Temporal and spatial distribution of PRV-GFP from the soleus (SOL; postural extensor). At 168 h after PRV-GFP injections in the SOL, PRV-GFP labels the PAG and vMLR and SNc (A,B). PRV-GFP-ir neurons are more abundant in the VMM and SNc after 196 h (C,D). These results suggest that for spinal motor control, the SNc- > vMLR projection may be more important for controlling extensor muscles (posture control), whereas the SNr- > MEA- > MLR projection may be more important for controlling flexor muscles, which are necessary for gait.

Figure 8

Temporal and spatial distribution of PRV-GFP from the tongue.
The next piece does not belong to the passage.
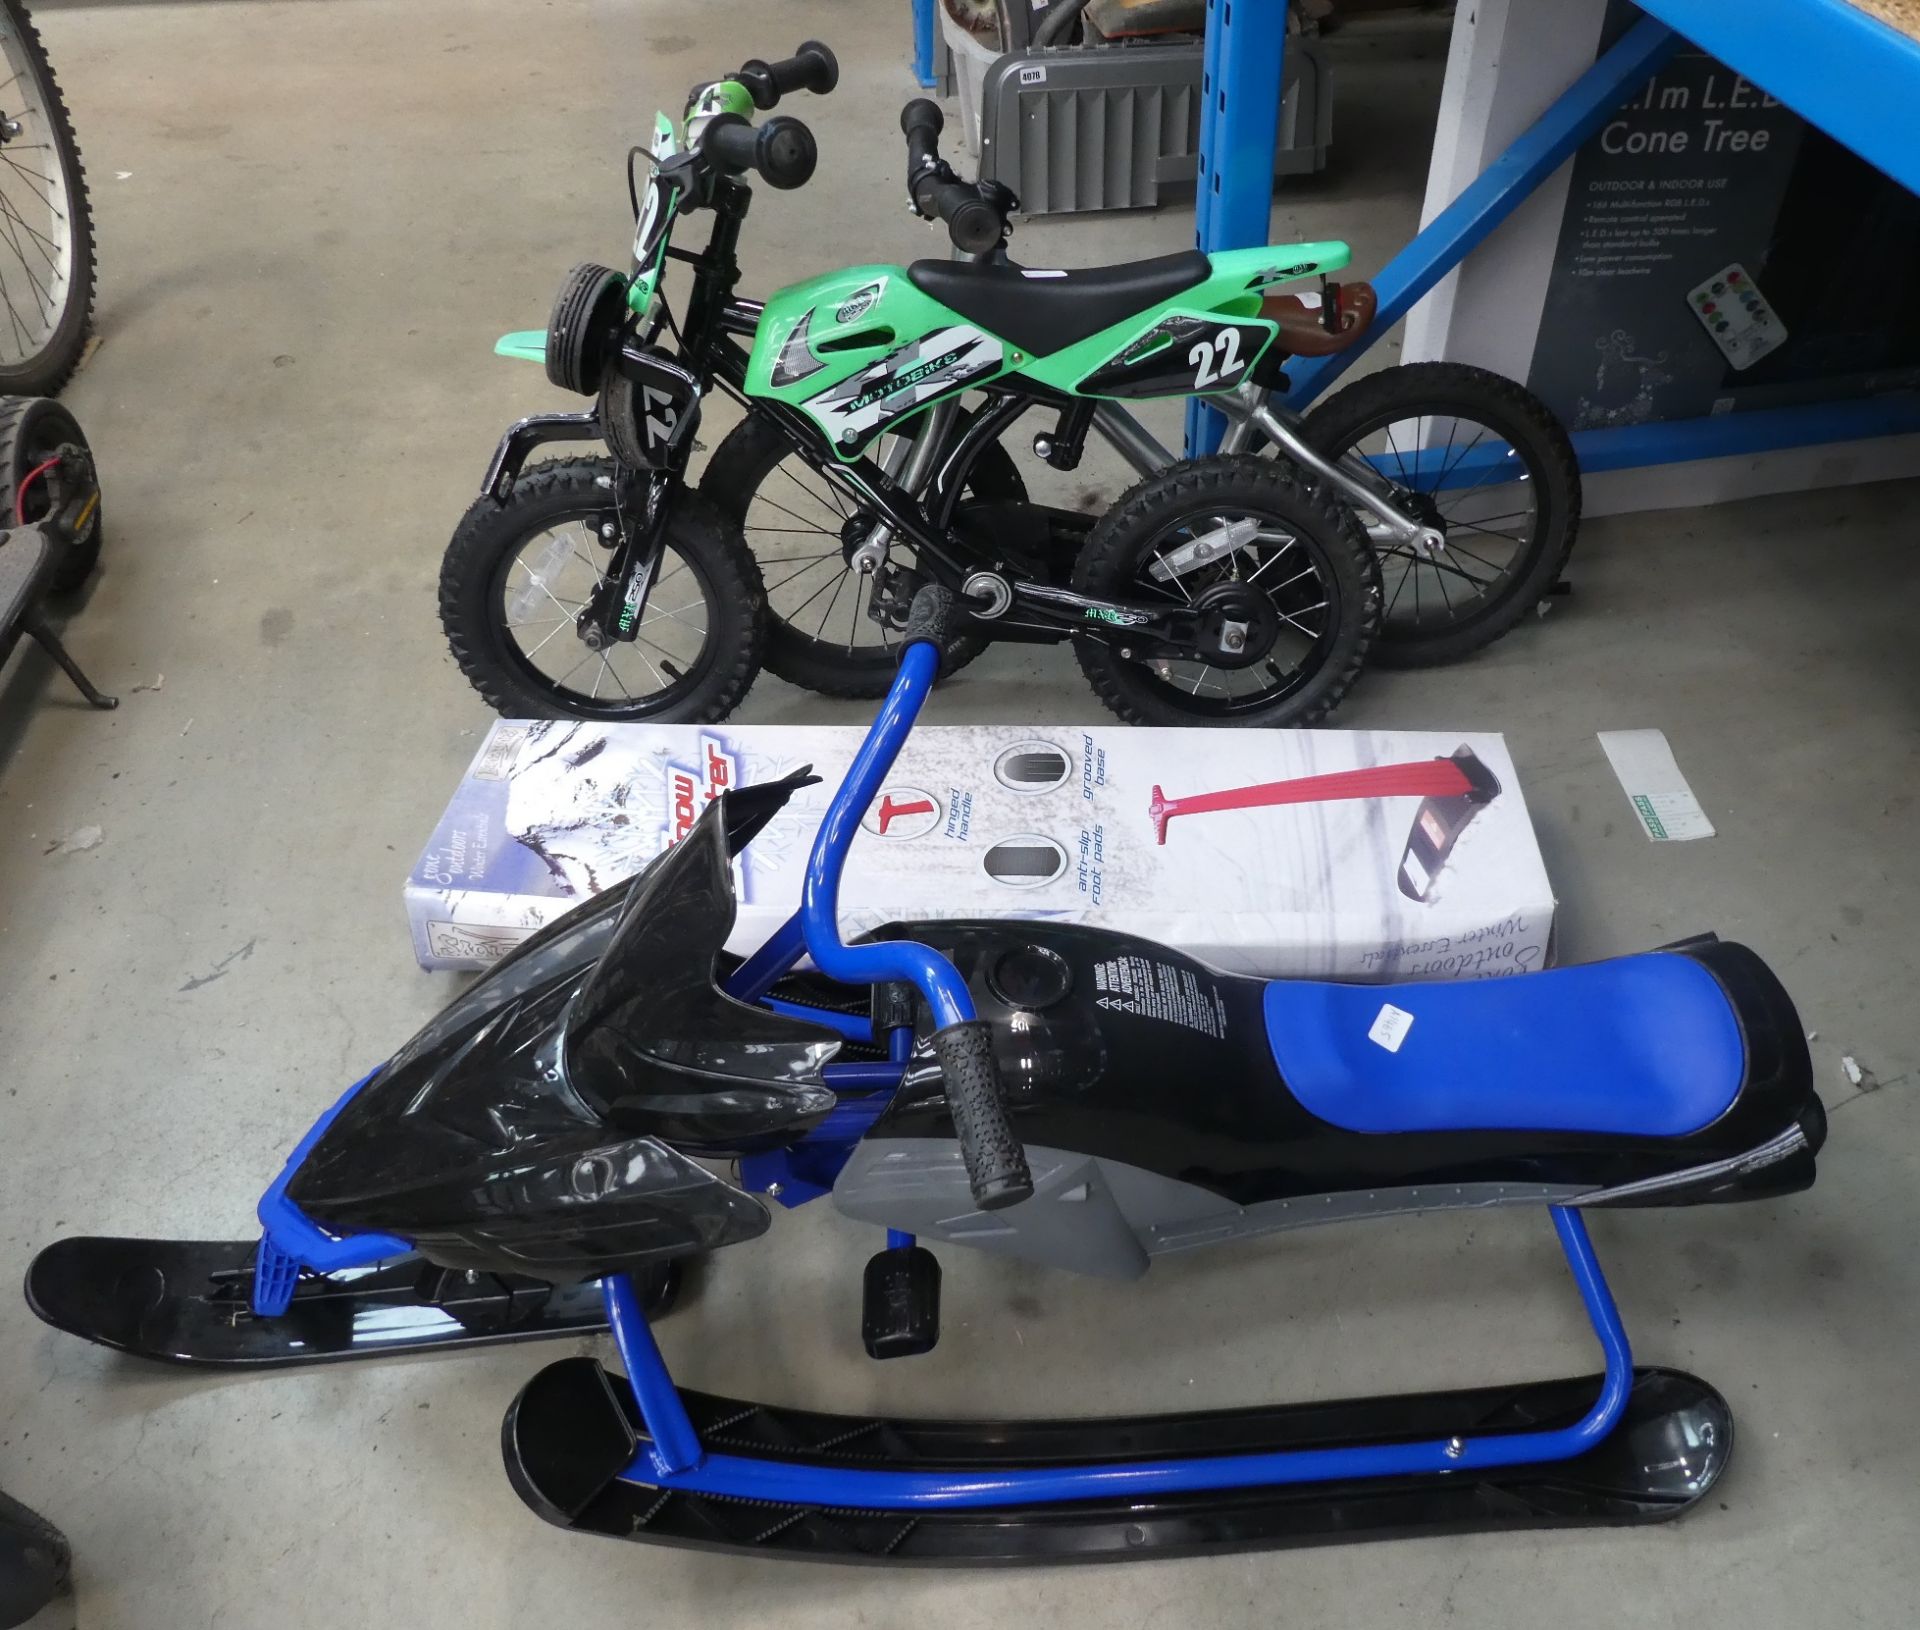 Boxed snow scooter, plastic snow buggy and two small children's bikes

At 72 h after PRV-GFP injection, the MLR (A) and SNc (B) show PRV-GFP-ir neurons ipsilateral to the injection site. After 96 h, the labeling is more extensive (C,D), now including the MEA (C) and SNr (D). The temporal sequence of PRV labeling suggests that the SNc- > MLR pathway requires less time for labeling than the SNr- > MEA- > MLR pathway following tongue injections.